In addition to that, as an IC, you will have to mentor people and be a thought leader who participates in setting strategies and plans to enhance, like, the overall security posture. Like, if we talk about security engineers the same way a director would do. So, it's a great option to have first the ability to choose between both paths. So, if you are working in a company where it's possible, that's an amazing thing to do. But then how to make the decision, it's based on your goals, it's based on your skills. If you managed people in the past and you wanna switch to an IC role, I think it would be easier for you.
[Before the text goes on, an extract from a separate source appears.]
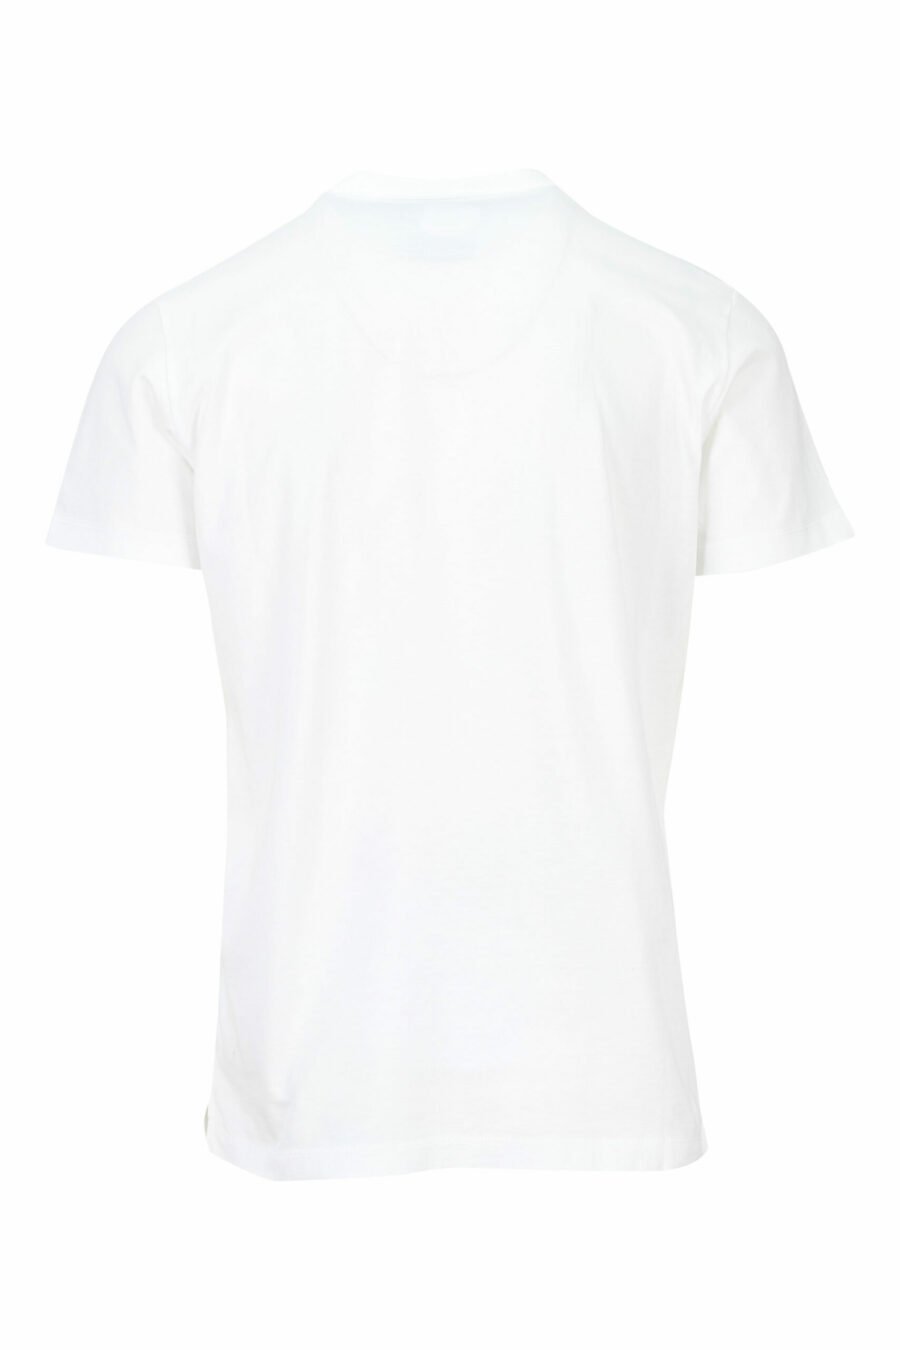 T-shirt blanc avec maxilogo bleu "college" - 8054148086442 1 scaled

But the opposite may be more difficult because it's not easy to manage people, especially, like, the first time, so you need to make sure you have mentors that will guide you and will help you be ready for it.
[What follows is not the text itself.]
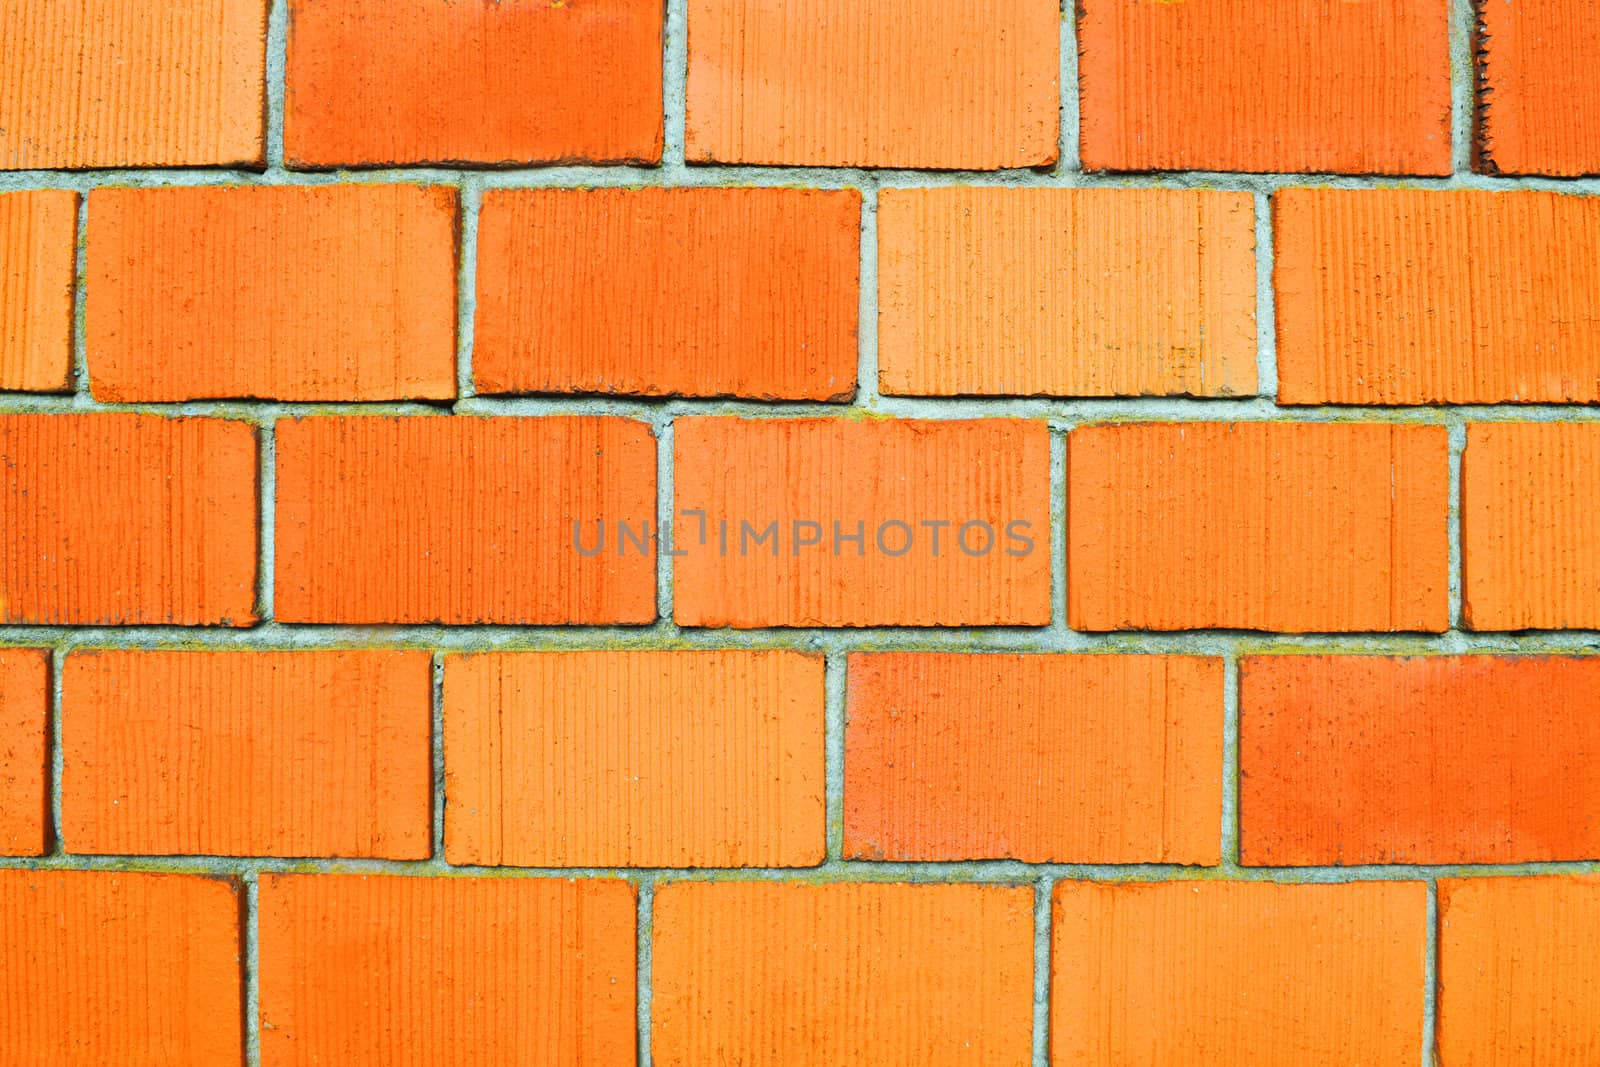 Brick wall by Yaurinko

Caroline: Yeah, a lot of what you've shared resonates with things that I've observed throughout my career as well. One of the things that we intentionally set up a few years ago when we were building Cobalt's career path, we said, look, there's a manager path and there's a maker path, and you can advance just as far along the maker path as you can along the manager path. In fact, we're actually, today we're recording this in mid-December, next week I'm delighted to have a new colleague join my team and this individual will, in fact, be an individual contributor working at a director level. Seif, you have dedicated so much of your life, in fact, more than 15 years of your career to the cybersecurity industry. What drives your passion for it? Why do you stay in cyber? And why would you want to work in InfoSec in general?
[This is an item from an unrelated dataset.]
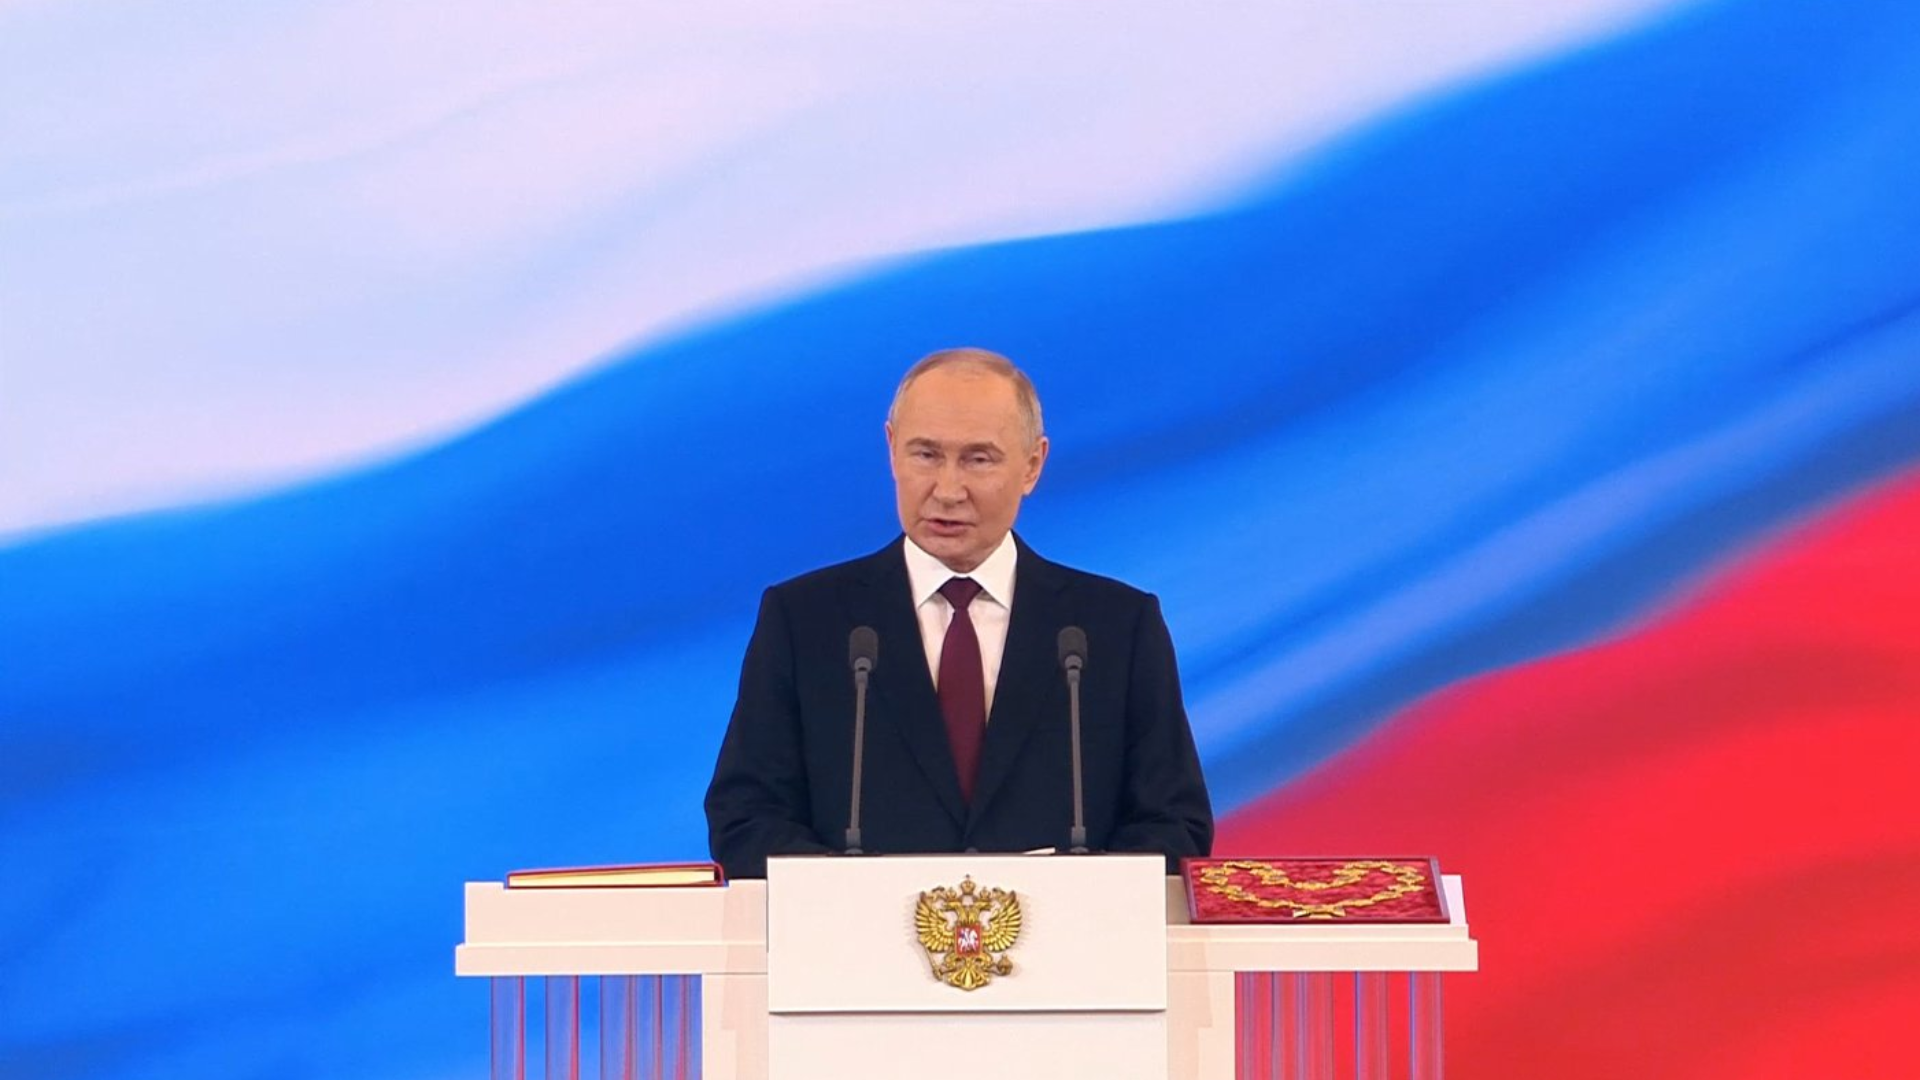 Vladimir Putin Begins His 5th Term as The Russian President

Seif: What still drives me into learning more about this field and working as a security professional is the fact that it became like an intersection of multiple fields and technologies. Security became the responsibility of everyone. It's no longer luxury. It's a must. And it touches all the leading-edge technologies from AI to crypto, from 5G to quantum computing, and from finance to healthcare. You can be doing information security to defend your country, to secure a financial institution, or any of the critical infrastructures like power grids for example. Or you can contribute to making people's life better and secure a pacemaker that's saving somebody's life. So, that's why I really love this field. It has a great mission, sense of purpose, and you can find the specialty or the industry that meets with your values. So, everybody can work in this field if they are lifelong learners because there is always something new. At the same time, for sure you will find that company or that industry that will help you evolve as a professional but also be happy and be proud of what you are doing.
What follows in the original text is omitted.